BEGIN DATASET EXCERPT

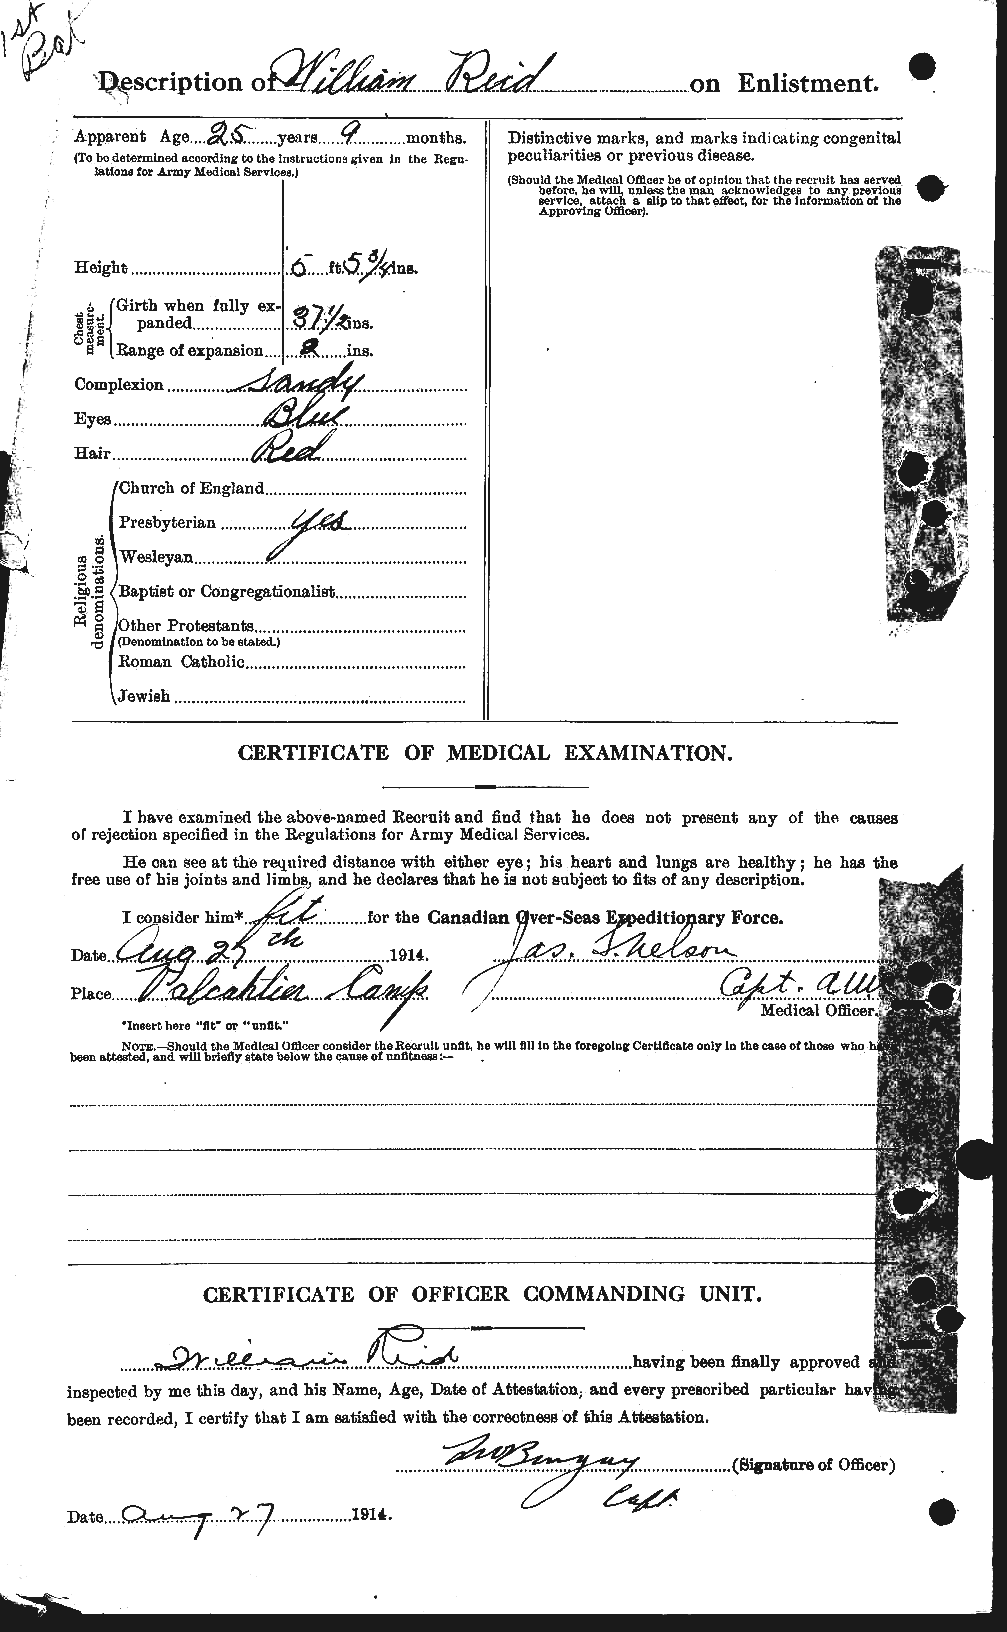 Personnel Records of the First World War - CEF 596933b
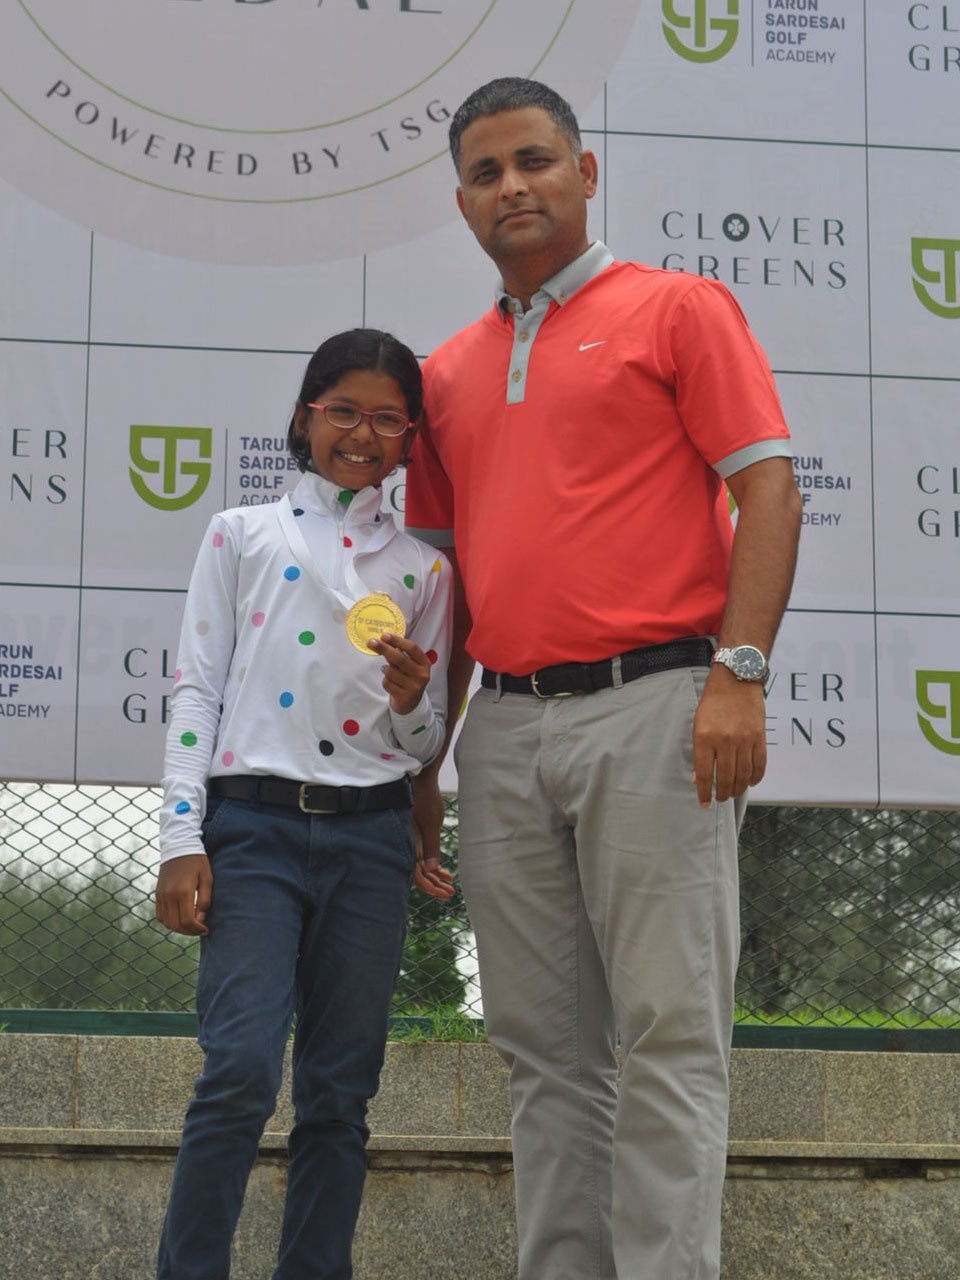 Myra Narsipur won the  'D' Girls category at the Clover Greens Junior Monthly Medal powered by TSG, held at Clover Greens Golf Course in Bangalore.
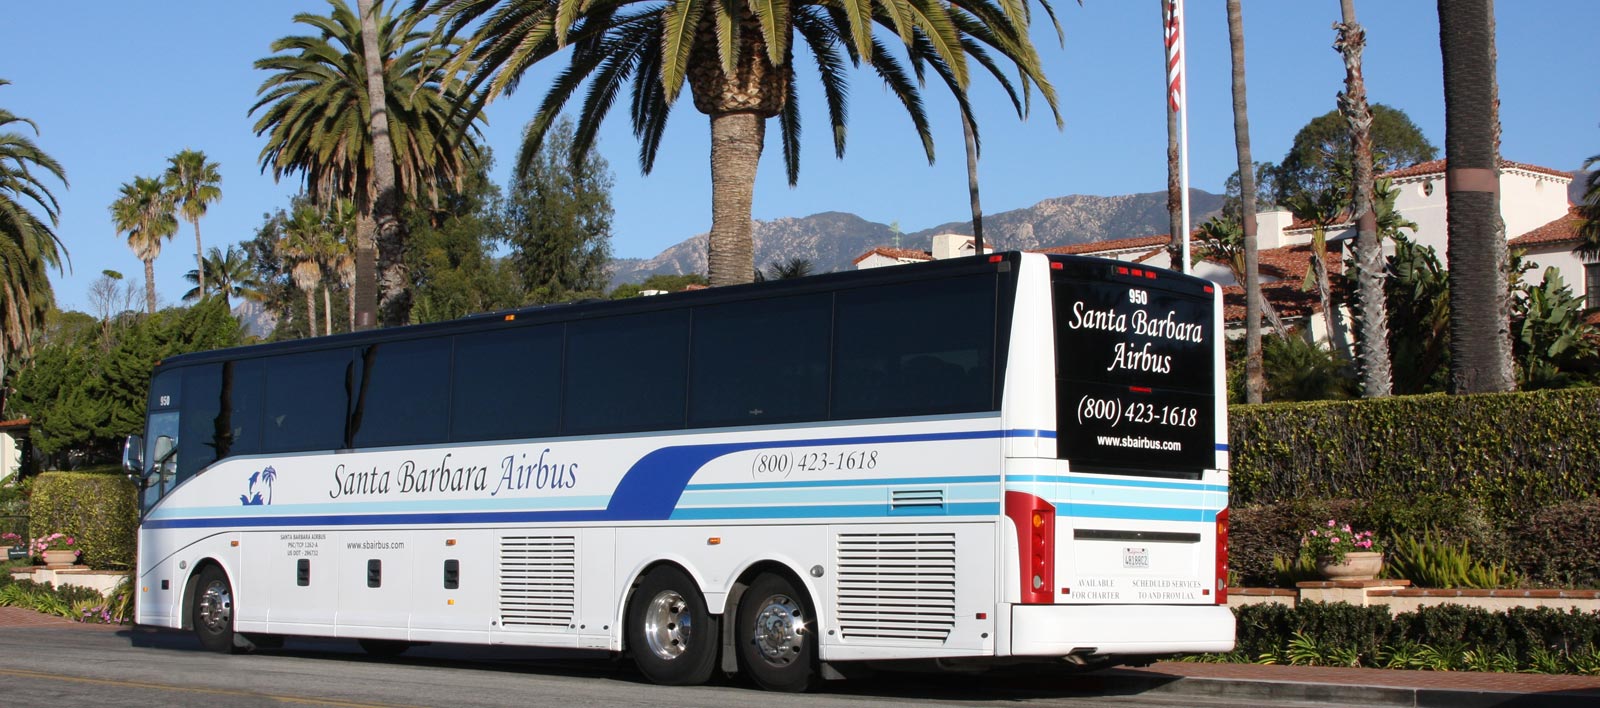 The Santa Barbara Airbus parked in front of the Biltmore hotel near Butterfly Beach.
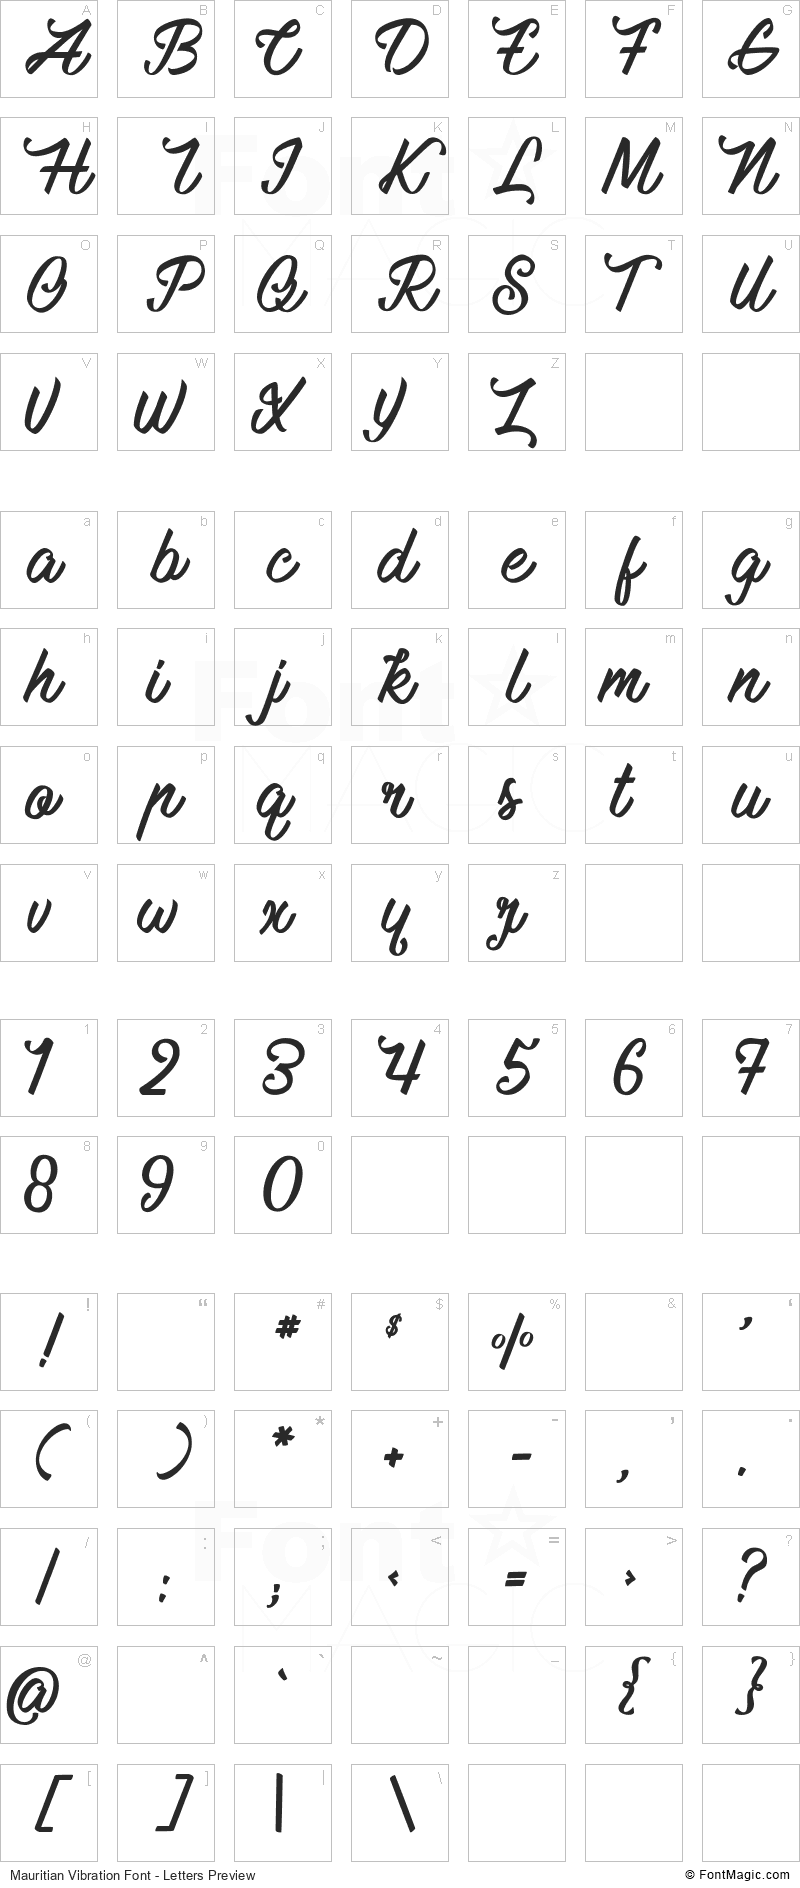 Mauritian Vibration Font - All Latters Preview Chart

END DATASET EXCERPT

DESCRIPTION OF THE TASK >>
Take the lines from the one containing "Myra Narsipur won" through the final line of the listing above and print them exactly, including both ends but no pictures.

EXERCISE ANSWER >>
 Myra Narsipur won the  'D' Girls category at the Clover Greens Junior Monthly Medal powered by TSG, held at Clover Greens Golf Course in Bangalore.
 The Santa Barbara Airbus parked in front of the Biltmore hotel near Butterfly Beach.
 Mauritian Vibration Font - All Latters Preview Chart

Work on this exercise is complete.